Hollywood filmmakers blind to Che Guevara's brutality
Guy Sorman | February 02, 2009
Article from: The Australian

HOLLYWOOD history is often nonsensical, but filmmakers usually have the
sense not to whitewash killers and sadists. Steven Soderbergh's new film
about Che Guevara, however, does that, and more.

Che the revolutionary romantic, as depicted by Benicio del Toro in
Soderbergh's film, never existed. That hero of the Left, with his hippie
hair and beard, an image now iconic on T-shirts and coffee mugs around
the world, is a myth concocted by Fidel Castro's propagandists: a cross
between Don Quixote and Robin Hood.

Like those tall tales, Castro's myth of Che bears a superficial
resemblance to historical facts, but the real story is far darker. Some
Robin Hood probably did brutalise the rich and, to cover his tracks,
give some of his loot to the poor. In medieval Spain, Quixote-like
knights probably did roam the countryside, ridding it not of dragons but
of the land's few remaining Muslims.

The same goes for the legendary Che. No teenager in rebellion against
the world or his parents seems able to resist Che's alluring image. Just
wearing a Che T-shirt is the shortest and cheapest way to appear to be
on the right side of history.

What works for teenagers also seems to work with forever-young movie
directors. In the 1960s, the Che look, with beard and beret, was at
least a glib political statement. Today, it is little more than a
fashion accoutrement that inspires a big-budget Hollywood epic. Are Che
theme parks next?

But once there was a real Che Guevara: he is less well known than the
fictional puppet that has replaced reality. The true Che was a more
significant figure than his fictional clone, for he was the incarnation
of what revolution and Marxism really meant in the 20th century.

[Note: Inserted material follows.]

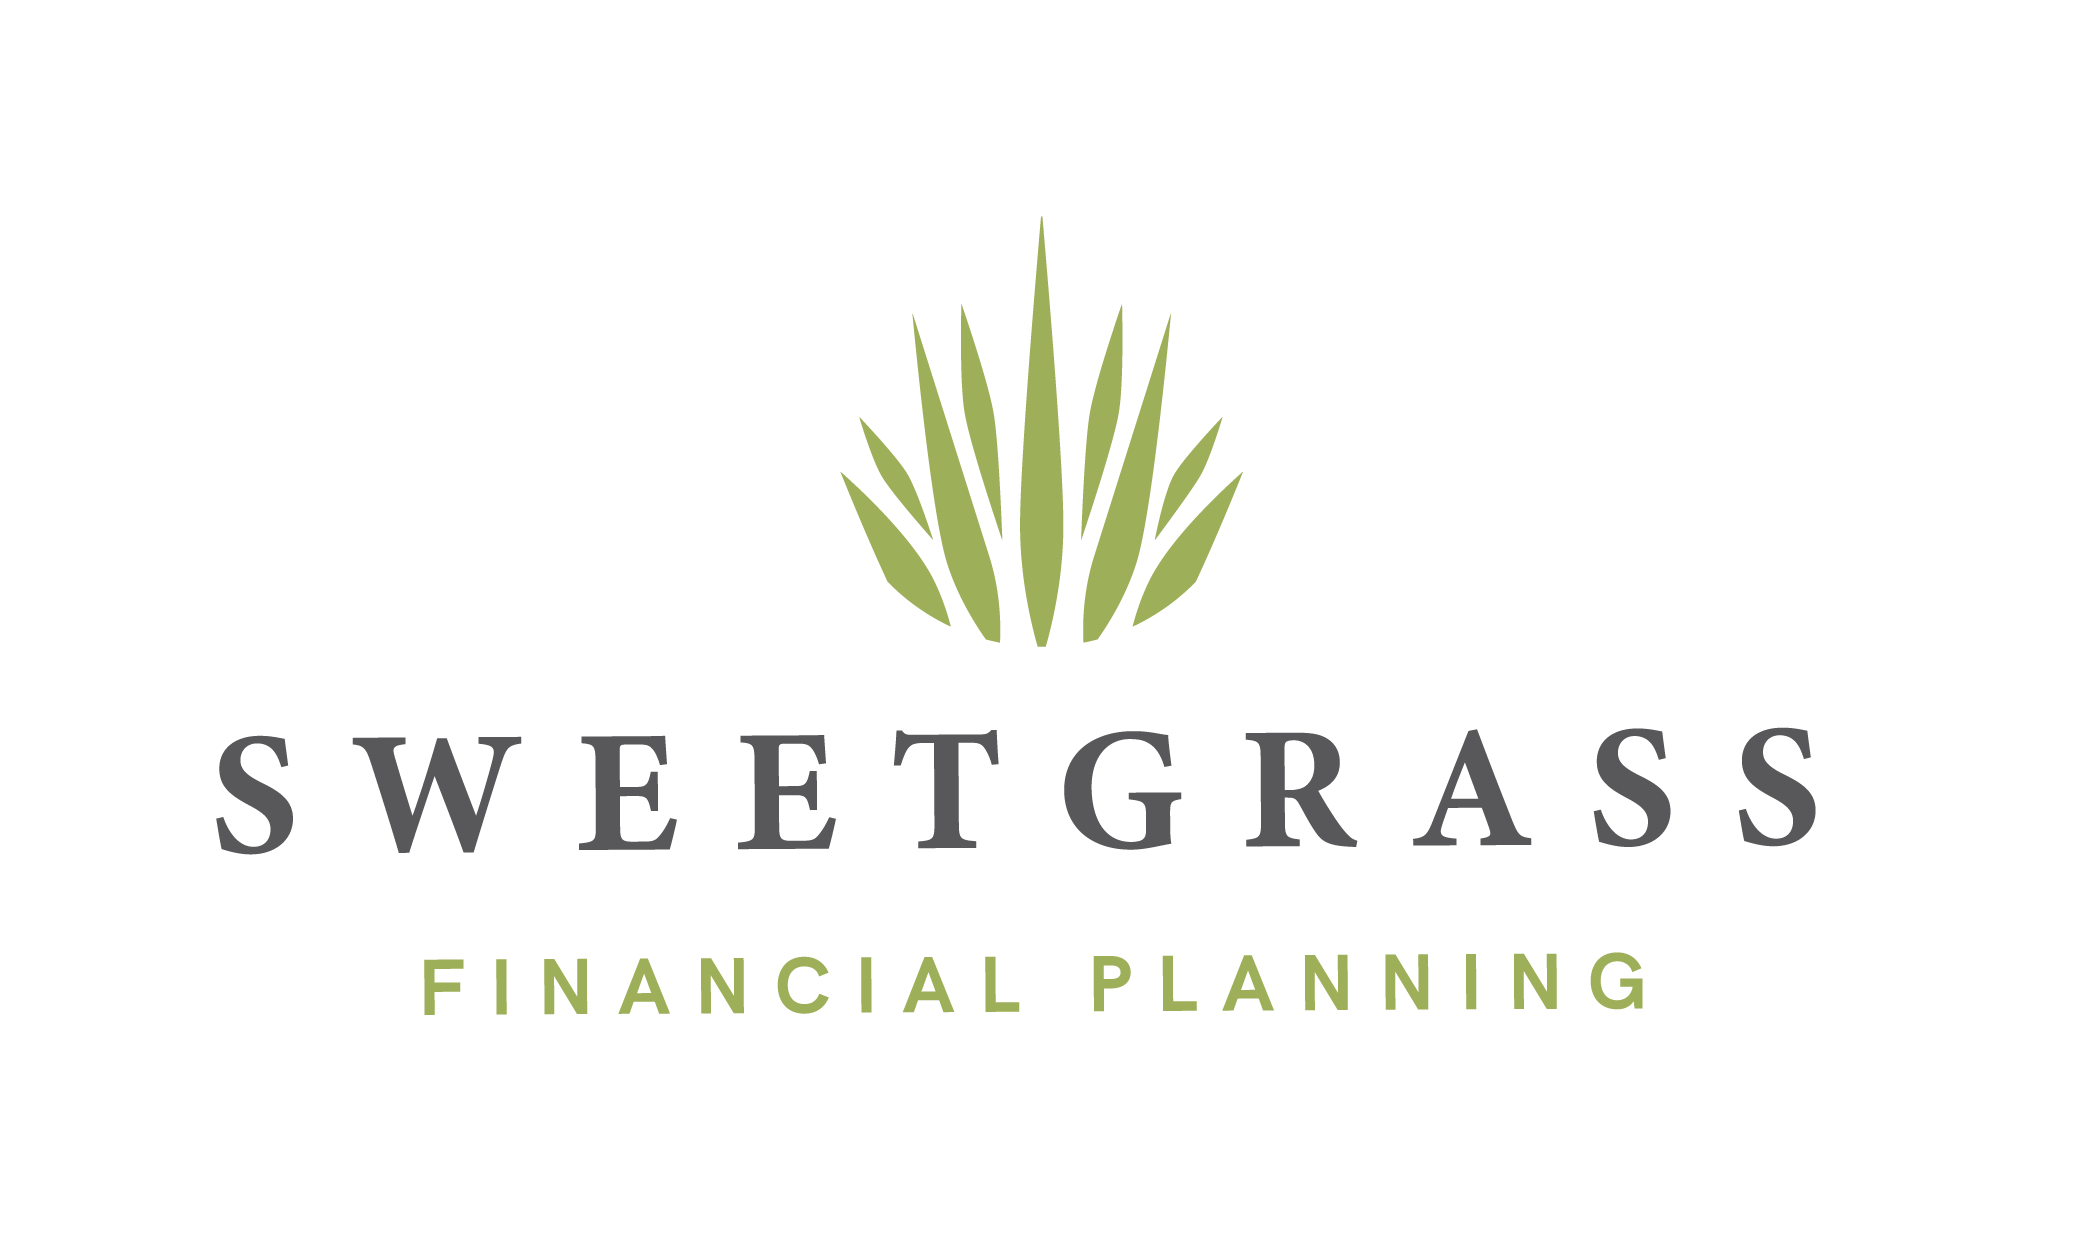 Sweetgrass Financial Planning

Che was no humanist. No communist leader, indeed, ever held humanist
values. Karl Marx certainly was not one. True to their movement's
founding prophet, Stalin, Mao Zedong, Castro and Che held no respect for
life. Blood needed to be shed if a better world was to be baptised.

When criticised by one of his early companions for the death of millions
during the Chinese revolution, Mao observed that countless Chinese die
every day, so what did it matter?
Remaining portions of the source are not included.